Introduction

Cereal sensitivity is a complex phenotype, and its proper analysis is far from complete (Weichel et al. 2006). Wheat prolamins are considered as key players in the formulation of different wheat-related health problems, such as the autoimmune response in patients suffering from celiac disease (CD) or different categories of wheat allergies (WA; e.g. Mittag et al. 2004). Alpha and gamma gliadins are the main protein families responsible for celiac disease (e.g. Chand and Mihas 2006; Catassi and Fasano 2008). These proteins contain a number of T cell stimulatory epitopes either in their repetitive regions (Arentz-Hansen et al. 2000, 2002; Shan et al. 2002) or elsewhere (Van de Wal et al. 1998; Mantzaris and Jewell 1991).

Wheat allergy is an extremely diverse group of wheat sensitivities with various symptoms caused by a number of possible allergens. Omega gliadins are the main contributors of symptoms in wheat-dependent exercise-induced anaphylaxis (Laurière et al. 2007). Sulphur-rich prolamins, such as alpha gliadins and low molecular weight glutenins also contribute to wheat allergies. Other members of wheat prolamin superfamily, such as alpha-amylase inhibitors (Deponte et al. 1976; Gomez et al. 1990; Weiss et al. 1993; Amano et al. 1998; Kusaba-Nakayama et al. 2000) or non-specific lipid transfer proteins may contain epitopes that are related to different allergic symptoms, including baker’s asthma.

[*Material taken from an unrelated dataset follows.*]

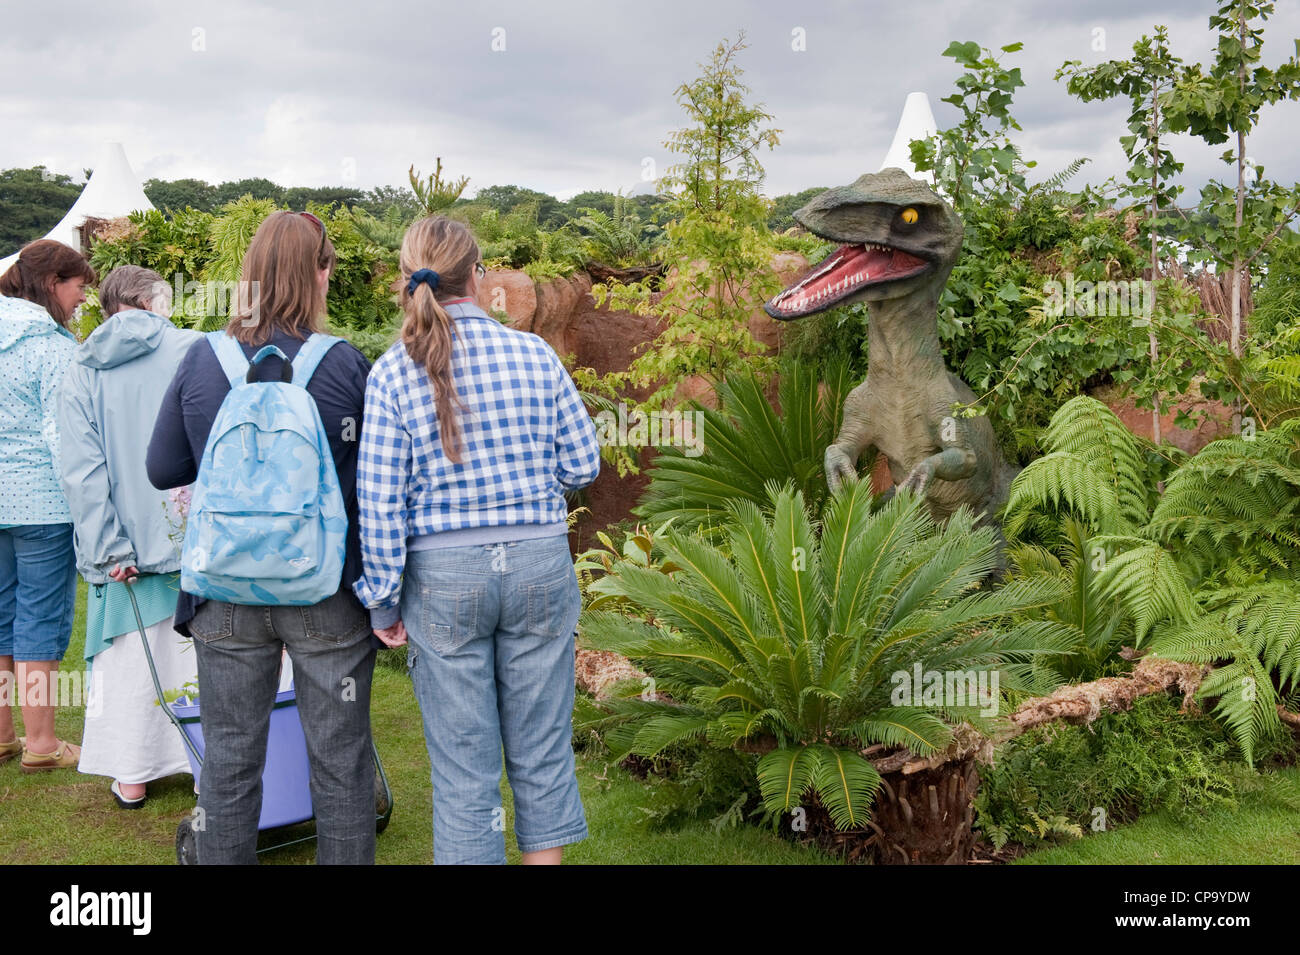 People view fierce raptor, green ferns & palms in prize-winning show garden (Dinosaurs at Large exhibit) - RHS Flower Show, Tatton Park, Cheshire, UK. Stock Photo

The effect of allergens is not exclusively related to the prolamin superfamily, although most of the methods and clinical tests are focusing on the identification of proteins of the prolamin superfamily. There are some additional proteins with potentially detrimental effects for patients suffering mainly from wheat allergies. Wheat non-prolamins that have been proven to act as allergens include wheat germ agglutinin, wheatwins (pathogenesis-related proteins of the PR-4 family, Muthukrishnan et al. 2001; Altenbach et al. 2007), triosephosphate isomerase, glycerinaldehyde-3-phosphate dehydrogenases, acyl-CoA oxidase, fructose bisphosphate aldolase and triosephosphate isomerase (Tatham and Shewry 2008; Salcedo et al. 2011). Twelve different IgE-binding protein sequences, such as thioredoxin (cross-reactive allergens), a predicted high mobility protein, a predicted leucine-rich repeat protein, a beta-purothionin precursor and the serine carboxypeptidase II were also identified using Western blotting against patients’ sera (Sampedro and Cosgrove 2005; Weichel et al. 2006).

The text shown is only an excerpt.